Blogger Larry Jones said...

Gelatin! Who knew?

4:07 PM  
Anonymous Anonymous said...

Gelatin sheets are a little easier to work with (IMHO), but much harder to find. The trick with gelatin is to make sure you activate it before you try anything with it.

5:12 PM  
Anonymous Anonymous said...

Without having seen your recipe, however, I'm wondering whether you could come up with fillings that didn't involve gelatin.

5:13 PM  
Blogger Larry Jones said...

"The trick with gelatin is to make sure you activate it before you try anything with it."

Wise words, and the same advice might be applied to one's love life, except, you know, without the gelatin.

1:45 AM  
Blogger kStyle said...

Damn, a whole cookie convo has transpired overnight! Let's see if I can catch up.

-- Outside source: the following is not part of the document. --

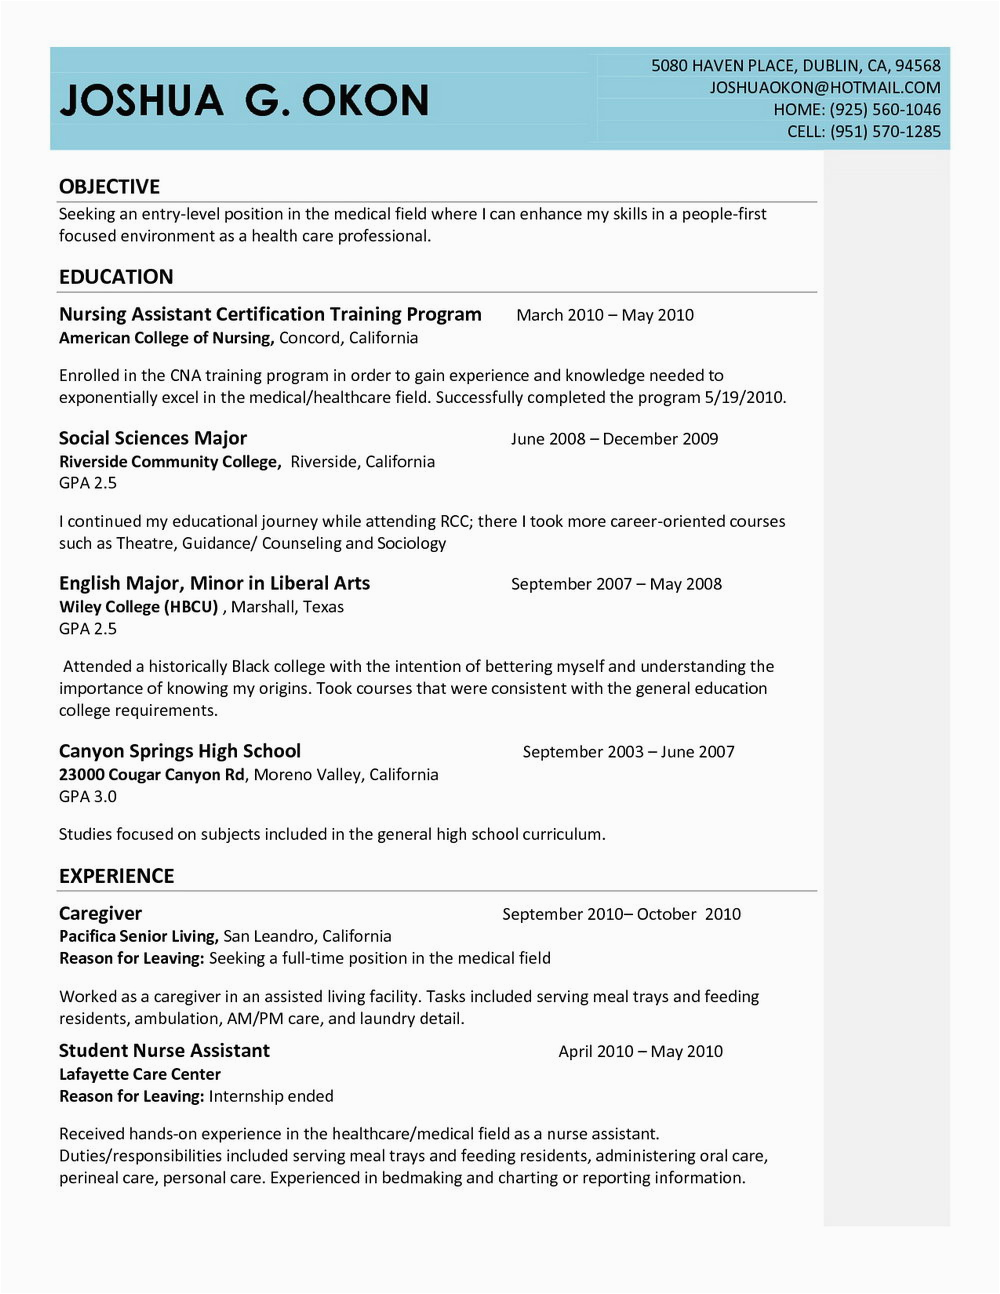 sample resume for nursing assistant entry level

Ann: Thanks! I think that good cookbooks are the key to cooking it right on the first time.

Larry: Gelatin! I know! This is why Oreos aren't Kosher. I think Hydrox uses Kosher gelatin, though. (I worked in the Kosher Kitchen during college, which has resulted in more knowledge of Kashrut than the average shicksa possesses.)

Narya: Gelatin sheets! Fancy. Want to see the recipe? King Arthur Flour's Baking Companion page 318, Faux-reos.

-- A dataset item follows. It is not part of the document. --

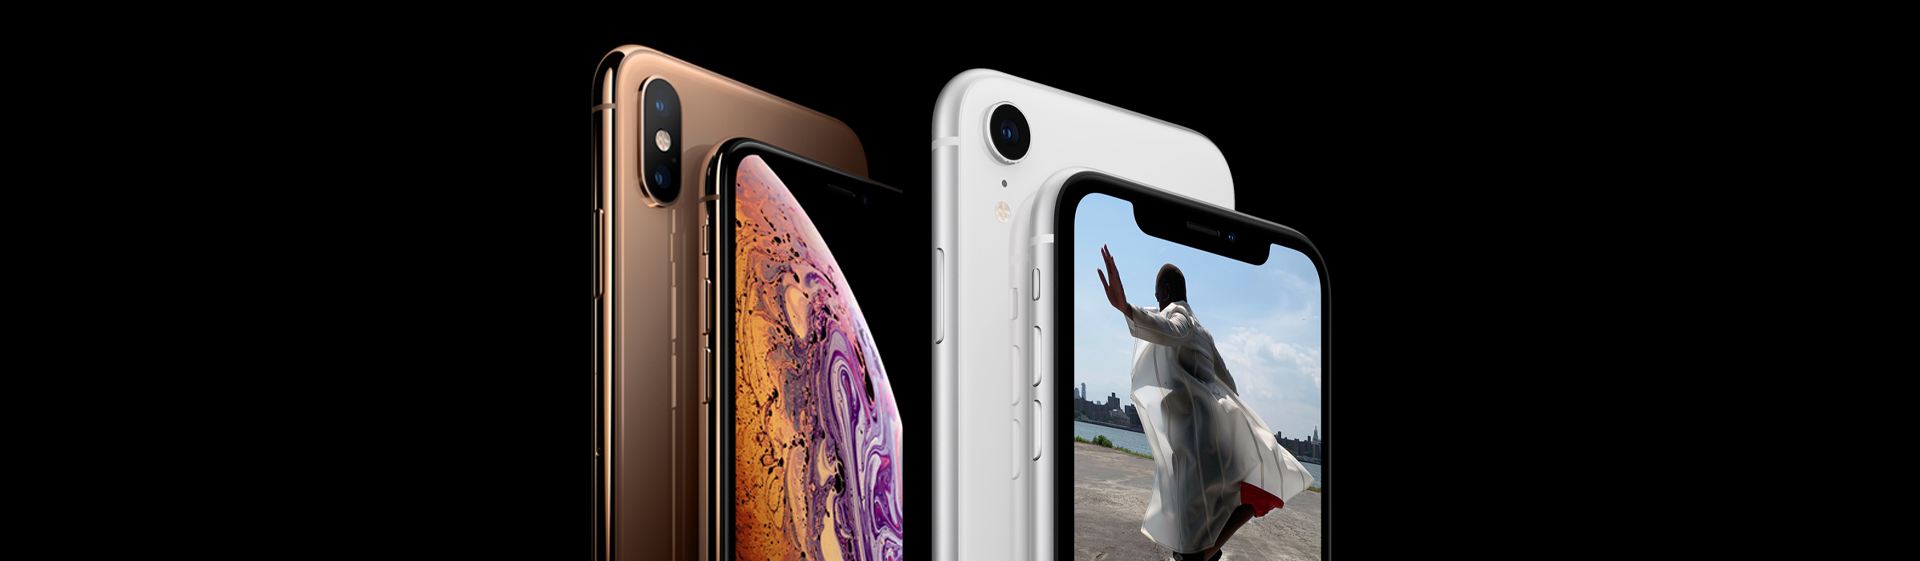 iPhone XS vs iPhone XR: veja 5 diferenças entre os celulares da Apple

Larry 2: I have a hunch you're onto something. Get pharma on the phone--we have a new product for ED!

7:44 AM  
Anonymous Anonymous said...

I am ashamed to admit that I own none of the King Arthur cookbooks--and I've even taken a class with the guy who runs the bakery there! But they're on my list--and, hey, at this point? I can write that kind of stuff off on my taxes.

12:52 PM  
Anonymous Anonymous said...

Larry, I had to laugh at an article I read from the NYT today--it was a list of questions couples were supposed to ask each other before getting married. And, hey! We did! It didn't mention what happens when one of the parties isn't truthful during those conversations, however.

12:53 PM  
Blogger kStyle said...

King Art has some good recipes. Of course, perhaps you have moved beyond the good king. I'm a newbie-intermediate nonprofessional.